→ **Work request**:
Using the records below, give again exactly the lines from the line that contains "関係ない系譜安いです[Dior ] ディオールプレステージ?ラ?クリームリフィル50ミリリットル" through the line that contains "鮮やかな色の屋根と紺碧の海", both ends included, and only those.

→ **Input data**:
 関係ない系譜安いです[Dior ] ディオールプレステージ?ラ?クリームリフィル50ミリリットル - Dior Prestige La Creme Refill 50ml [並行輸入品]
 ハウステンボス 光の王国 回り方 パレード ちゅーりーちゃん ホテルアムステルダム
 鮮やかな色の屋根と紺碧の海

--

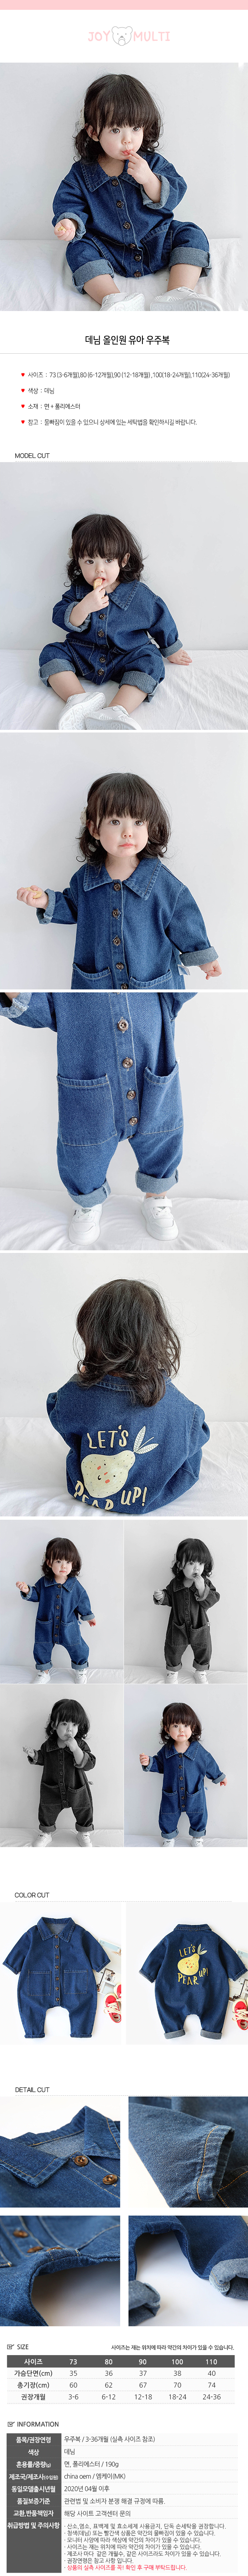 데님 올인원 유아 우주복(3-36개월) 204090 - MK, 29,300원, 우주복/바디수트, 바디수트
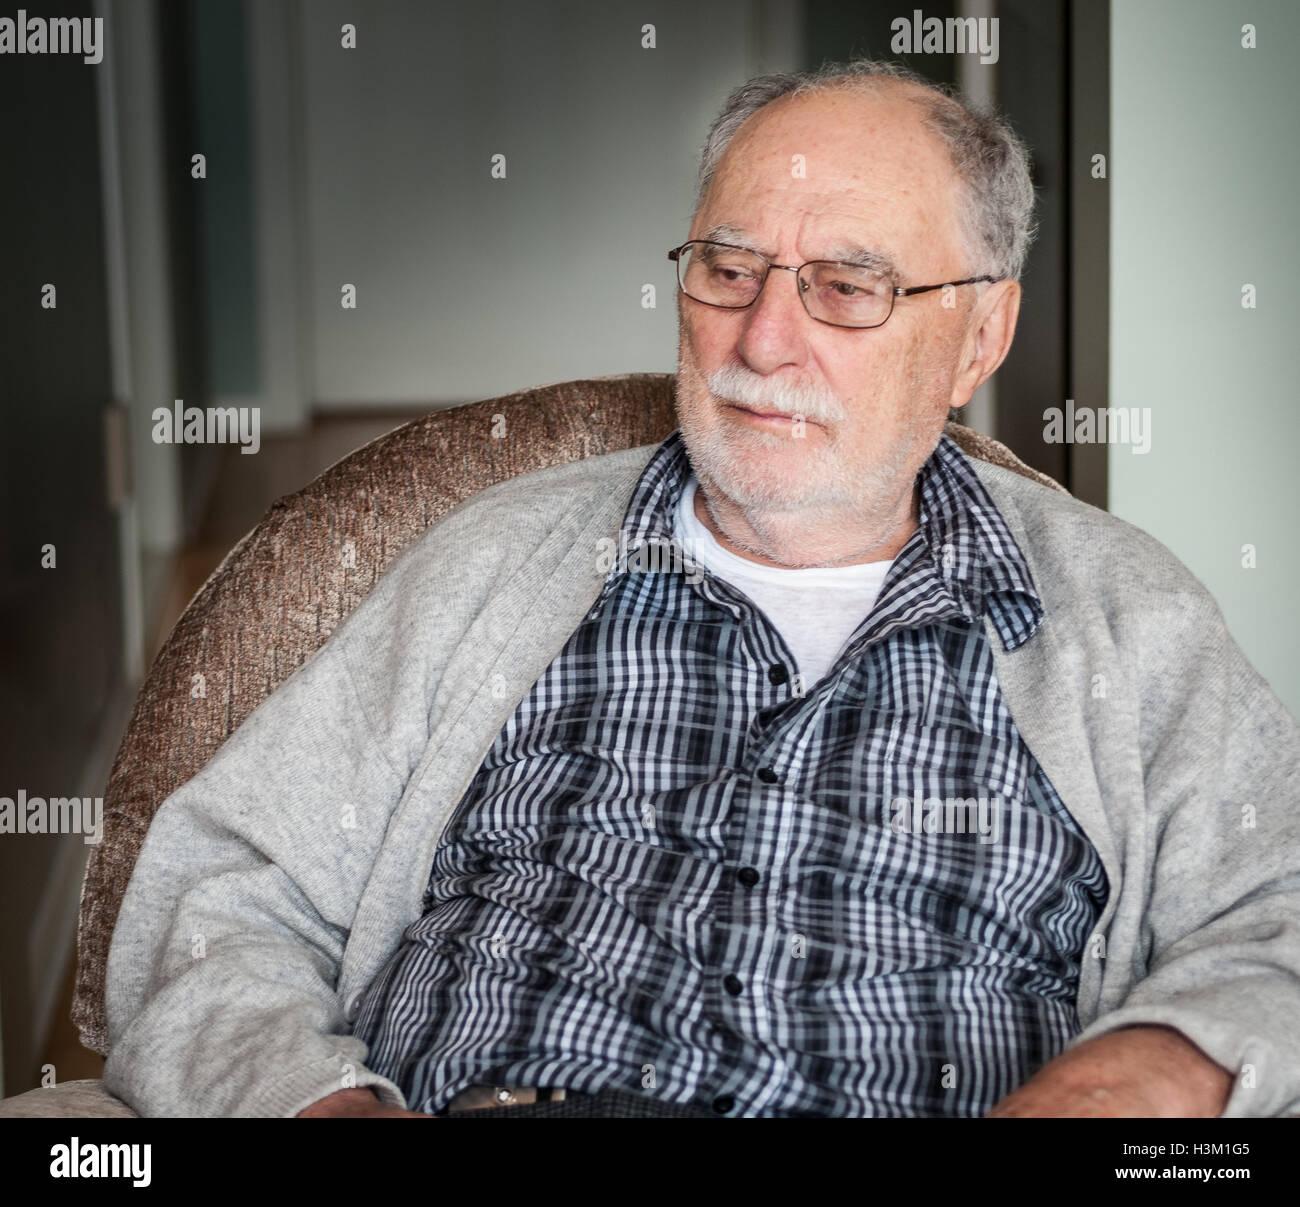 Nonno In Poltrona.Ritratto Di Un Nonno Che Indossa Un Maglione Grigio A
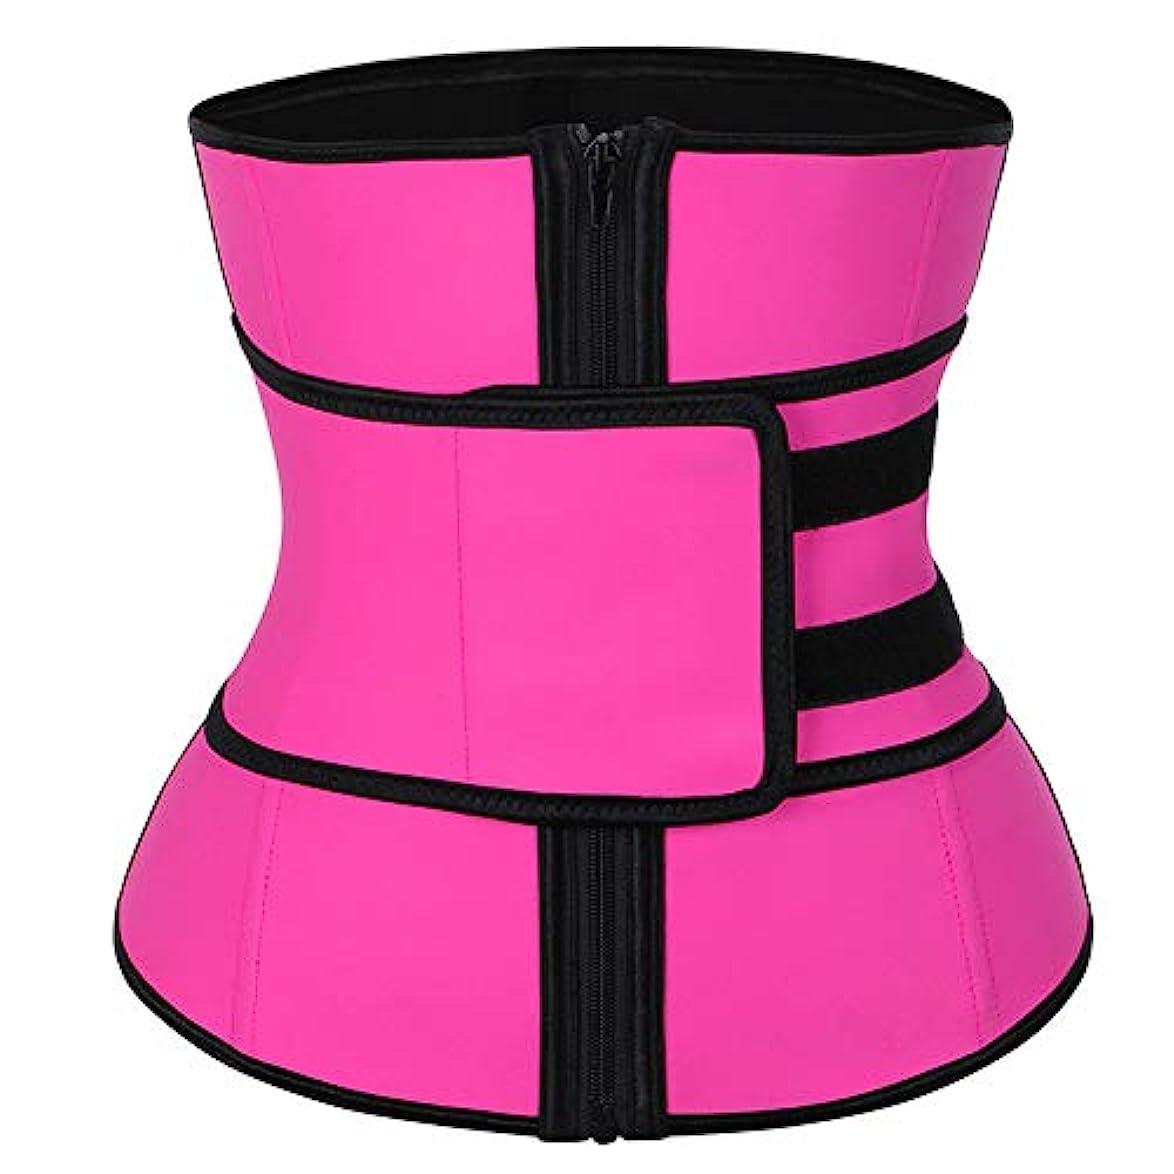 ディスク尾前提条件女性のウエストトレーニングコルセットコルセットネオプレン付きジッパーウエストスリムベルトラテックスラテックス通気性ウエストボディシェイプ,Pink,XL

→ **Task output**:
 関係ない系譜安いです[Dior ] ディオールプレステージ?ラ?クリームリフィル50ミリリットル - Dior Prestige La Creme Refill 50ml [並行輸入品]
 ハウステンボス 光の王国 回り方 パレード ちゅーりーちゃん ホテルアムステルダム
 鮮やかな色の屋根と紺碧の海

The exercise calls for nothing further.